Роберту Моргану
Много лун тому назад доллар равнялся 870 лирам и мне было 32 года. Планета тоже весила на два миллиарда душ меньше, и бар той stazione[1], куда я прибыл холодной декабрьской ночью, был пуст. Я стоял и поджидал единственное человеческое существо, которое знал в этом городе. Она сильно опаздывала.
Всякий путешественник знает этот расклад: эту смесь усталости и тревоги. Когда разглядываешь циферблаты и расписания, когда изучаешь венозный мрамор под ногами, вдыхая карболку и тусклый запах, источаемый в холодную зимнюю ночь чугунным локомотивом. Чем я и занялся.

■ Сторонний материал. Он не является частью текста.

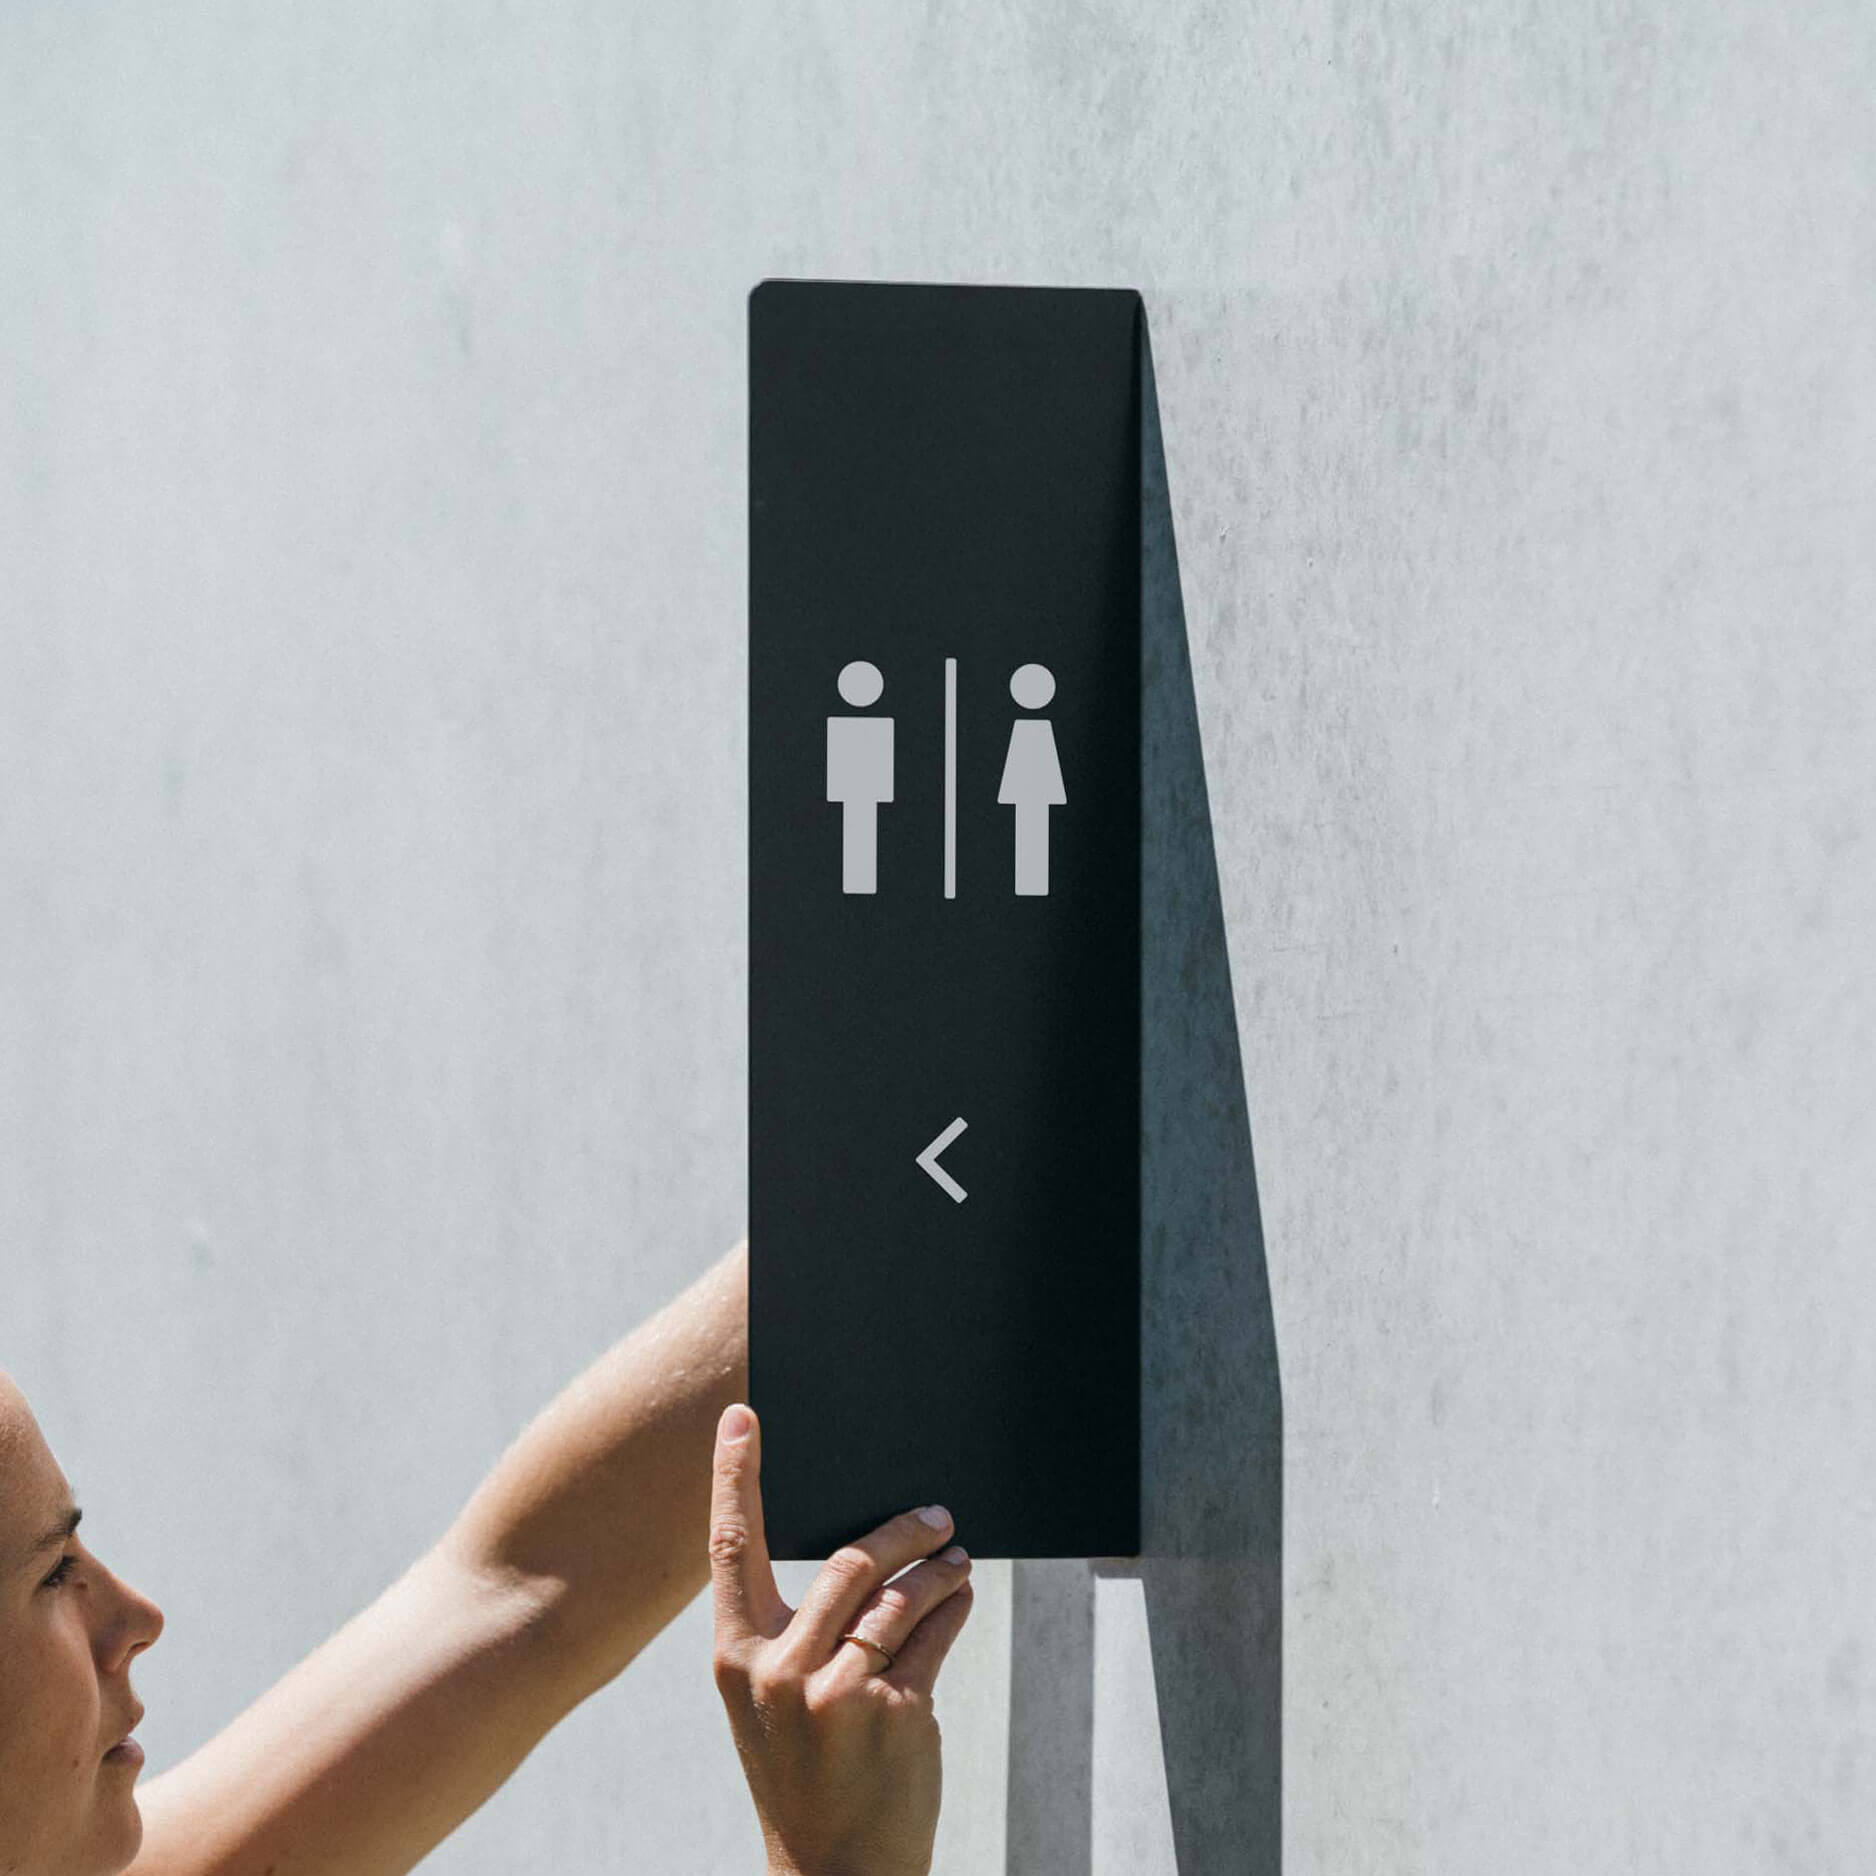 Men's Restroom Sign, 4-ft Steel Sign Stand | Plum Grove

Кроме зевающего буфетчика и неподвижной, похожей на Будду, матроны у кассы, не видно было ни души. Толку, впрочем, нам друг от друга было мало: весь запас их языка — слово «espresso» — я уже истратил; я воспользовался им дважды. Еще я купил у них первую пачку того, чему в предстоявшие годы суждено было означать «Merda Statale», «Movimento Sociale» и «Morte Sicura» [2] — свою первую пачку MS [3]. Так что я подхватил чемоданы и шагнул наружу.

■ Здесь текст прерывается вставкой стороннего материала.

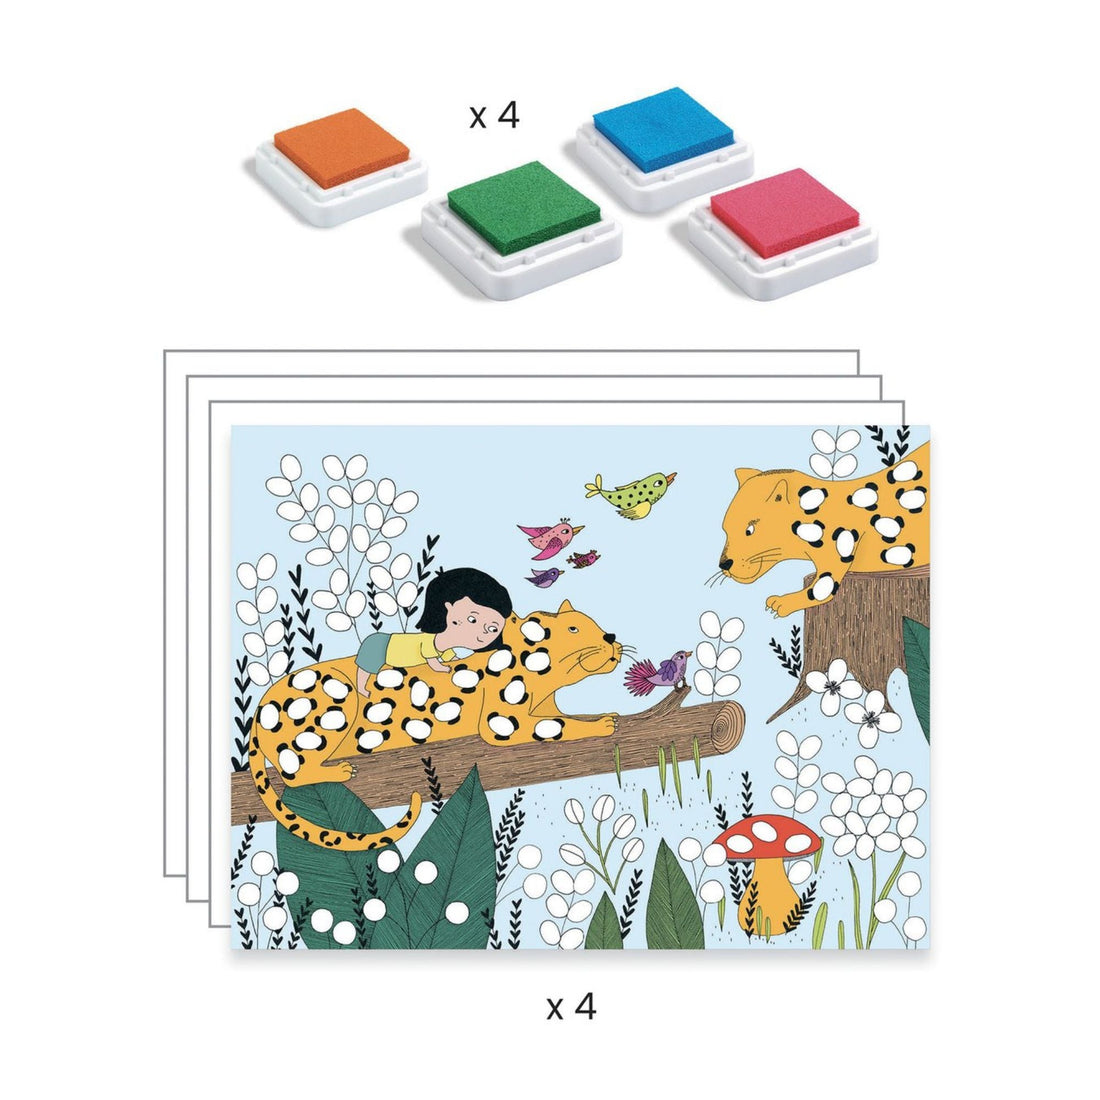 Piešimo žaidimas - Touch and Paint! - little-goose.com

В том маловероятном случае, если чьи-то глаза следили за моим белым лондонским дождевиком и темно-коричневым борсалино, то суммарный силуэт этих глаз бы не резал. Самой ночи поглотить его точно не составило бы труда. Мимикрия — на мой взгляд, обязательное свойство путешественника, а сложившаяся к тому времени в моем сознании Италия состояла из черно-белых фильмов пятидесятых и имеющих ту же окраску принадлежностей моего ремесла. Поэтому зима была правильным сезоном; единственное, чего, по-моему, мне не хватало, чтобы сойти за местного шалопая или carbonaro[4], был шарф. В остальном я чувствовал себя незаметным и готовым слиться с фоном или заполнить кадр малобюджетного детектива или, скорее, мелодрамы.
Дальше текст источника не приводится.